4-      Quel est aujourd’hui votre principal canal de distribution ?

S’agissant des livres imprimés, les canaux usuels de la distribution : Payot (plus grande chaîne de librairies en Suisse romande), les autres librairies indépendantes intéressées à vendre mes livres, les grandes surfaces commerciales en Suisse romande (Migros, Coop, Manor, Fnac, etc.) et les kiosques (principalement la grande chaîne Naville, qui écoule de très nombreux polars en format poche). Il demeure également, mais dans une moindre mesure, les commandes Internet sur le site TheBookEdition.com. Côté e-books, plusieurs plates-formes sont utilisées, dont notamment Amazon (version Kindle), le site précité TBE et la plate-forme du diffuseur suisse susmentionné (qui sert en réalité de plate-forme à toutes les librairies et grandes surfaces commerciales désirant commercialiser des e-books).
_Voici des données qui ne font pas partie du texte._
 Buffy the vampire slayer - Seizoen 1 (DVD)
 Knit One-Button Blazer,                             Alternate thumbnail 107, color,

5-      Combien de romans avez-vous vendus à ce jour, et à quoi attribuez-vous votre succès croissant?

A ce jour, environ 10’000 exemplaires ont été écoulés, en très large majorité sur le marché suisse romand, via les différents canaux précités, imprimés et e-books confondus. L’ouverture espérée du marché français changerait assurément la donne. L’avenir le dira.
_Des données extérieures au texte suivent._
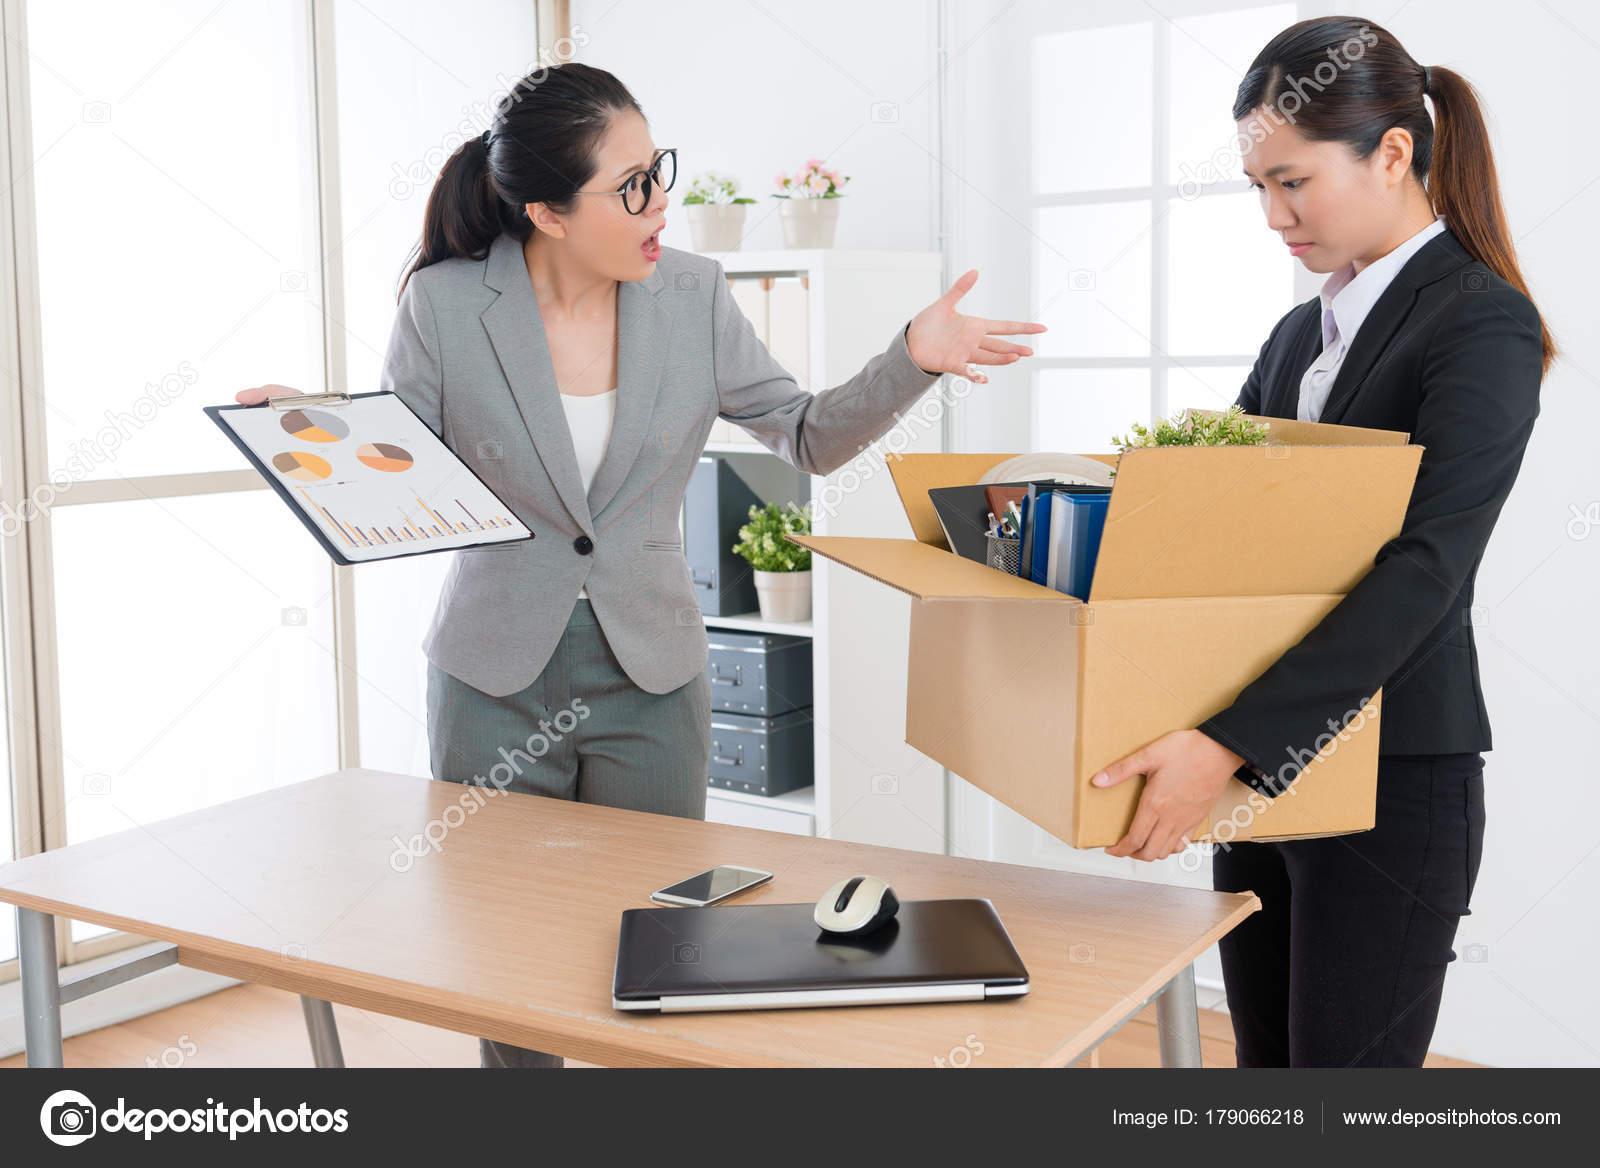 Employé de bureau de fille jeune beauté perte d emploi de l

Le succès initial – il ne faut pas s’en cacher – est essentiellement dû à mon poste de Procureur de la République, déjà médiatisé à la base dans ma région et l’ensemble de la Suisse romande. Ce poste exposé publiquement m’a assurément donné un avantage au départ sur d’autres auteurs auto-publiés et m’a permis – cerise sur le gâteau – de battre des best-sellers dans certaines régions. Au départ, les gens ont certainement voulu lire ce qu’un Procureur pouvait écrire comme polar / thriller, avec la part de réalisme que cela peut supposer. Ensuite, de nombreux lecteurs se sont détachés de cette première image, en constatant que mon but n’était pas faire du « scientifique » (même si la part de réalisme est très importante pour donner du crédit à des scènes imaginaires), mais pour qu’ils passent tout simplement un bon moment, sans prise de tête philosophico-littéraire, avec un cocktail au bord d’une plage de sable blanc. C’est là que le bouche à oreilles a commencé, avec son effet boule de neige, dépassant petit à petit les frontières de ma région et même de la Suisse romande, pour déborder (pour l’heure certes modestement) en France. Les messages de soutien et d’encouragement à continuer affluent, avec en point d’orgueil, certaines personnes avouant avoir repris goût à la lecture grâce à mes romans après plus de vingt ans sans toucher un livre… Effet géographique ? Pas seulement, puisque ce genre de message arrive même de parfaits inconnus en France.

Et pour finir, un petit teaser au sujet de votre dernier roman, EMORATA, qui sort le 20 octobre prochain ?

 Un policier suisse est retrouvé à l’aube, assassiné et horriblement mutilé sur une plage du Sud de la France. Y était-il en vacances ? Enquêtait-il sans commission rogatoire internationale, en violation de la souveraineté territoriale française ? Policiers suisses et français vont travailler main dans la main pour découvrir ce qui relie la découverte d’un doigt dans un tas de neige de la métropole horlogère suisse de La Chaux-de-Fonds au cadavre d’une petite gitane retrouvé dans les salins d’Aigues-Mortes en Camargue. De part et d’autre, personne n’en sortira indemne.